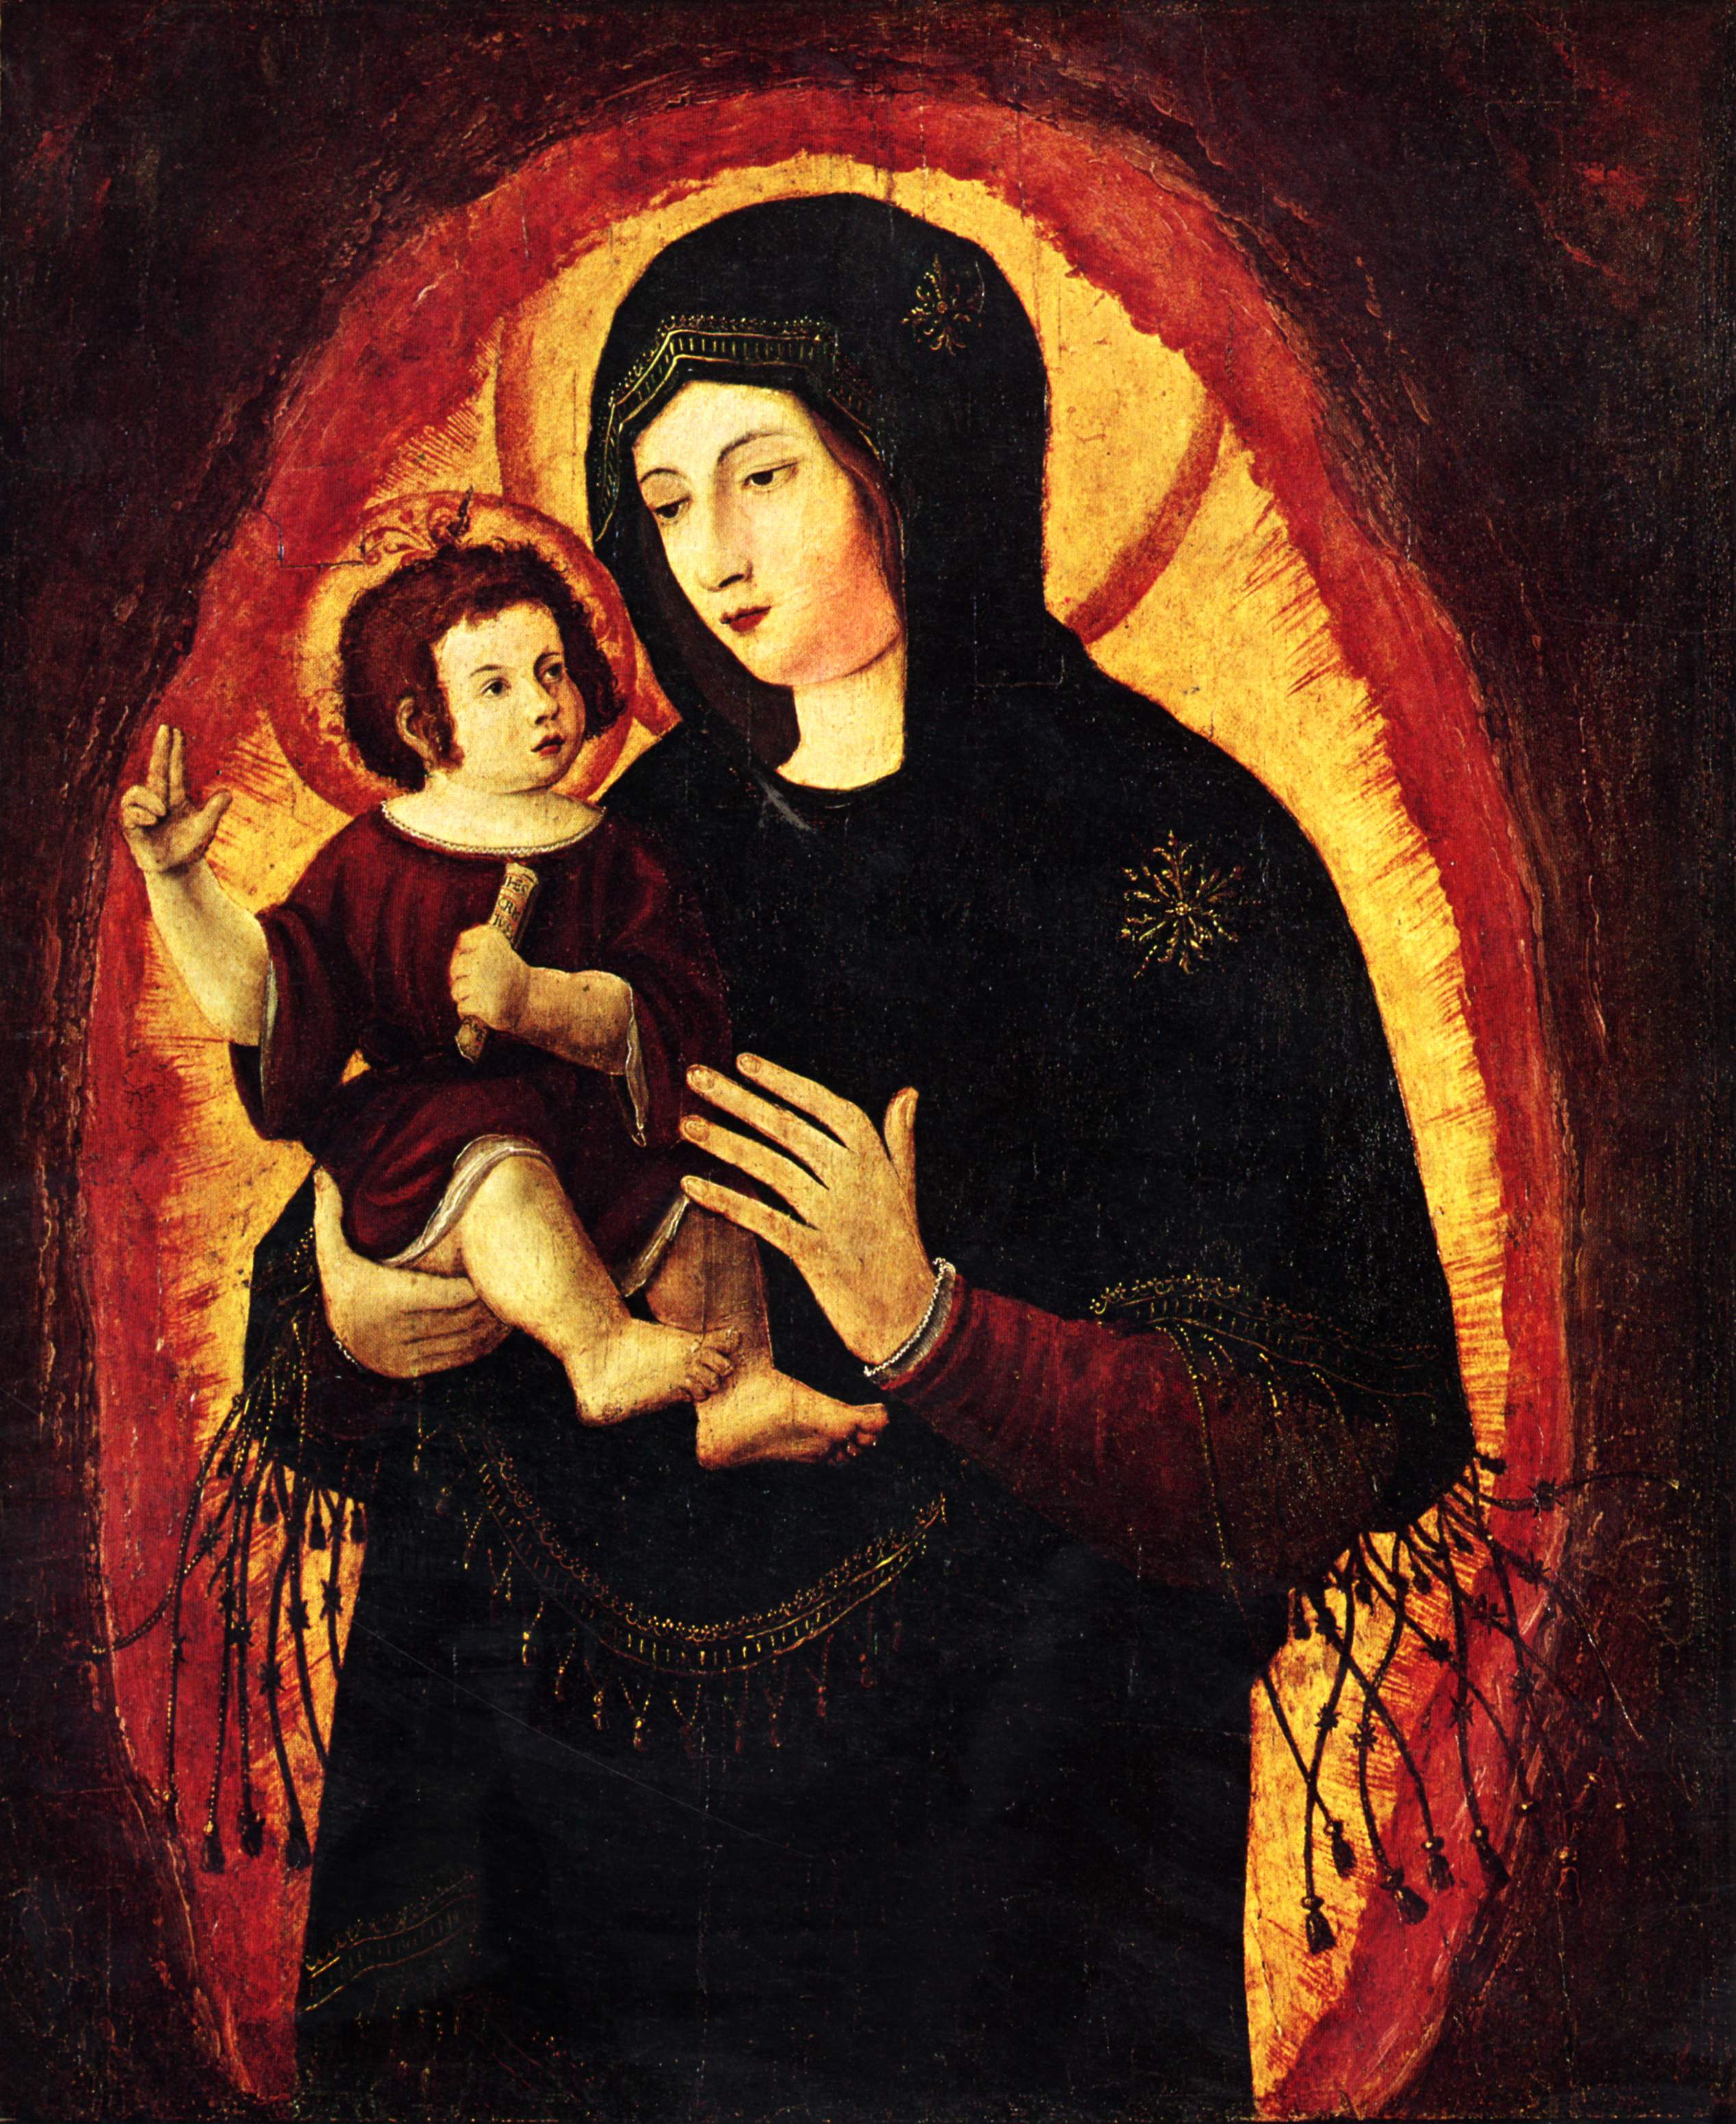 Альбрехт Альтдорфер. "Мадонна (Прекрасная Мария из Регенсбурга)". 1519-1522.
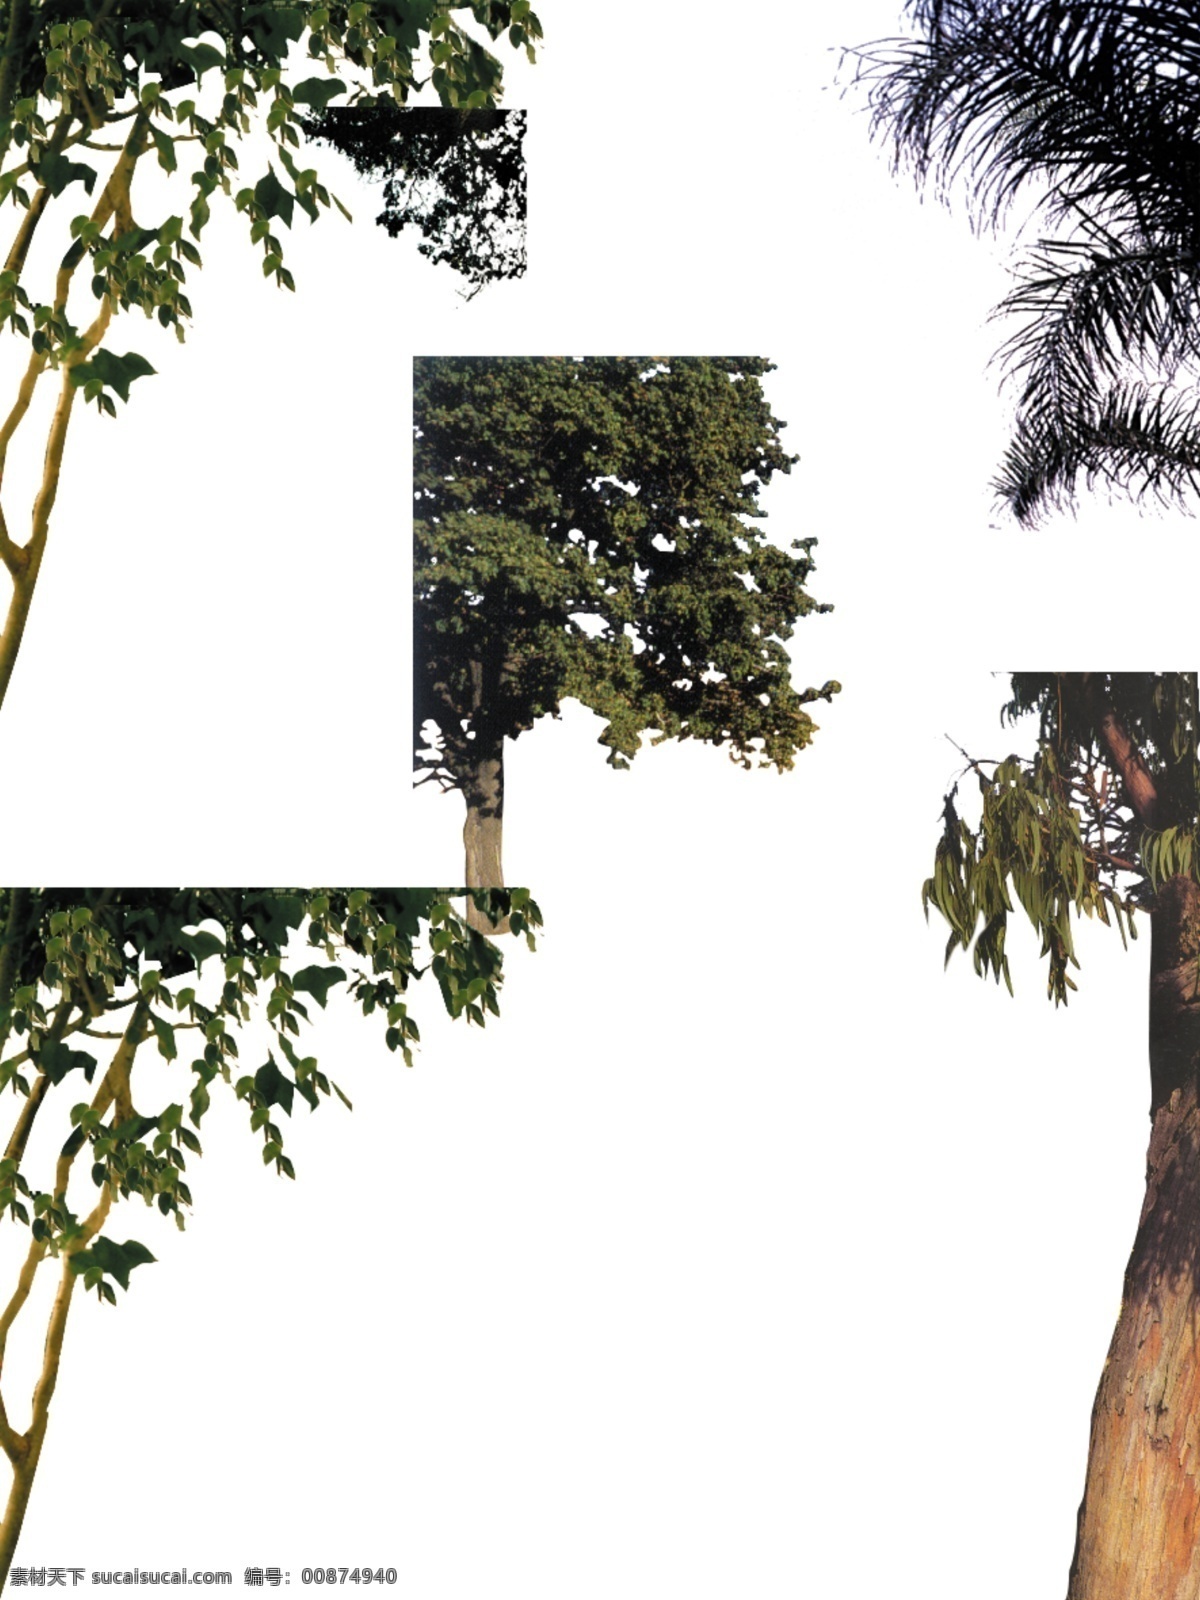 分层 ps后期素材 风景 景观 绿化 树木 园林 源文件 配景 模板下载 配景树木 植物 ps后期配景 装饰素材 园林景观设计
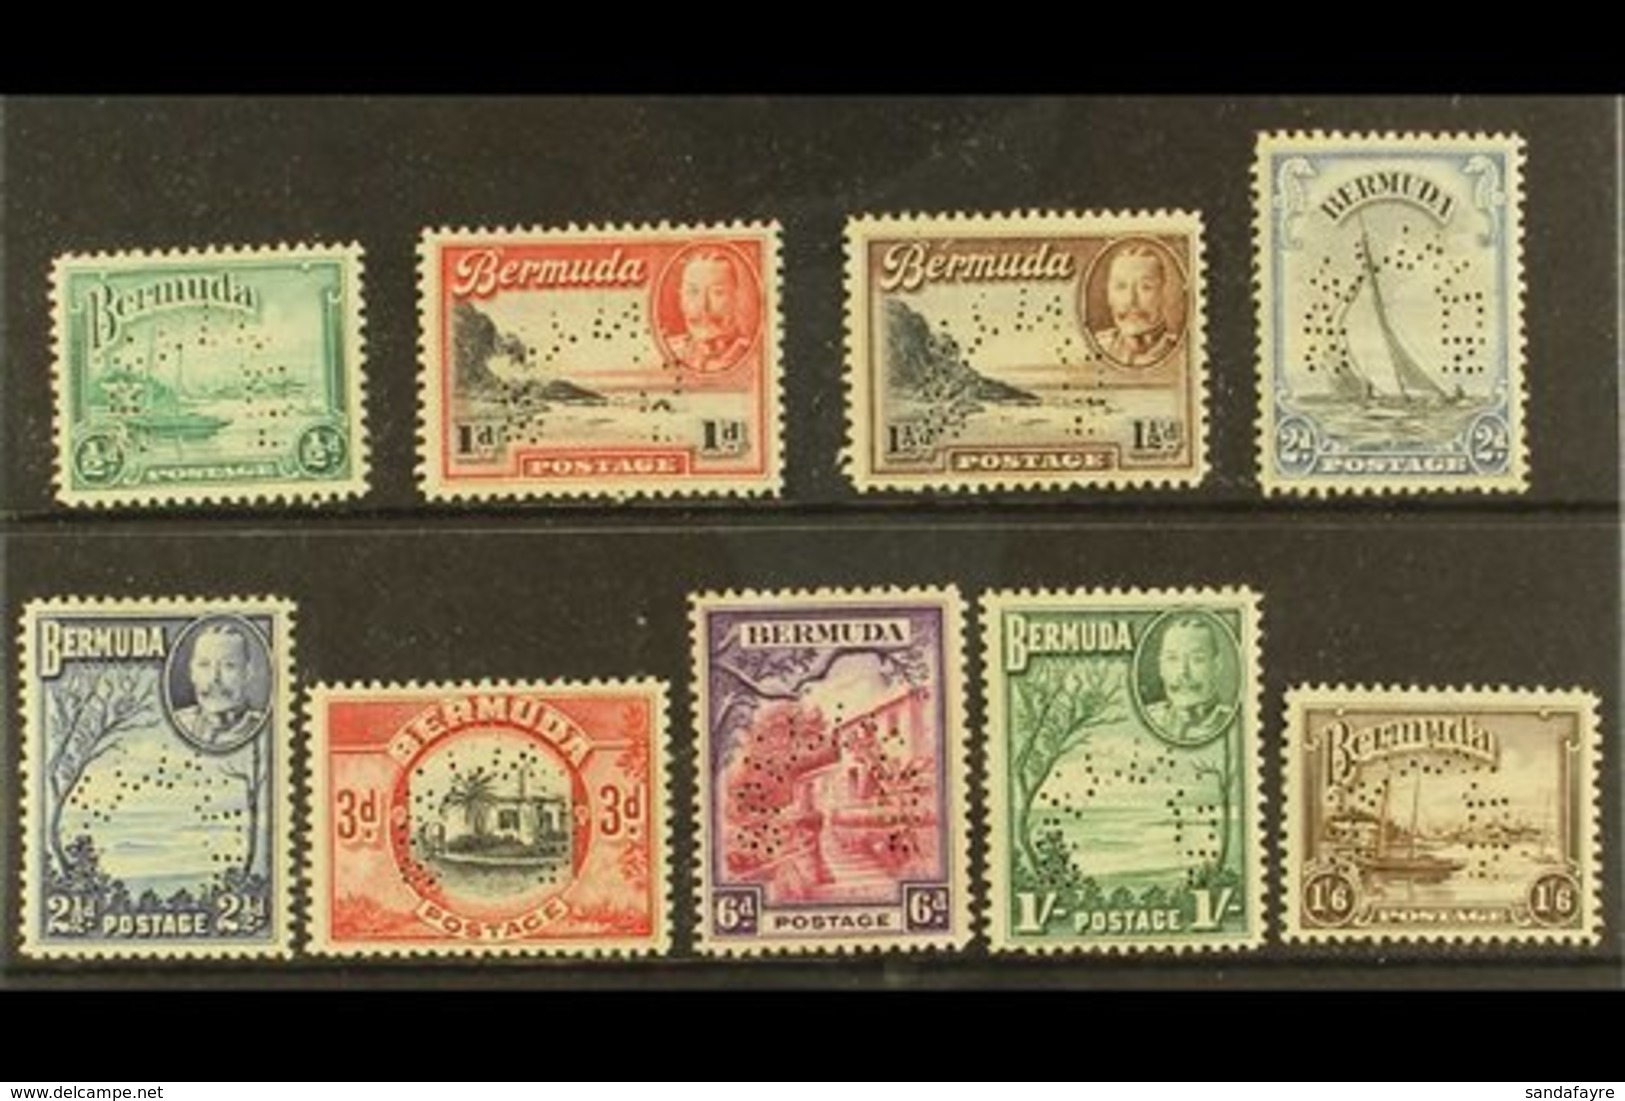 1936 Geo V Pictorial Set, Perf "Specimen", SG 98s/106s, Very Fine Mint, Large Part Og. (9 Stamps) For More Images, Pleas - Bermudes

_What you have to do_: Without the pictures, transcribe the listing above exactly.

_Problem solution_:
 Альбрехт Альтдорфер. "Мадонна (Прекрасная Мария из Регенсбурга)". 1519-1522.
 分层 ps后期素材 风景 景观 绿化 树木 园林 源文件 配景 模板下载 配景树木 植物 ps后期配景 装饰素材 园林景观设计
 1936 Geo V Pictorial Set, Perf "Specimen", SG 98s/106s, Very Fine Mint, Large Part Og. (9 Stamps) For More Images, Pleas - Bermudes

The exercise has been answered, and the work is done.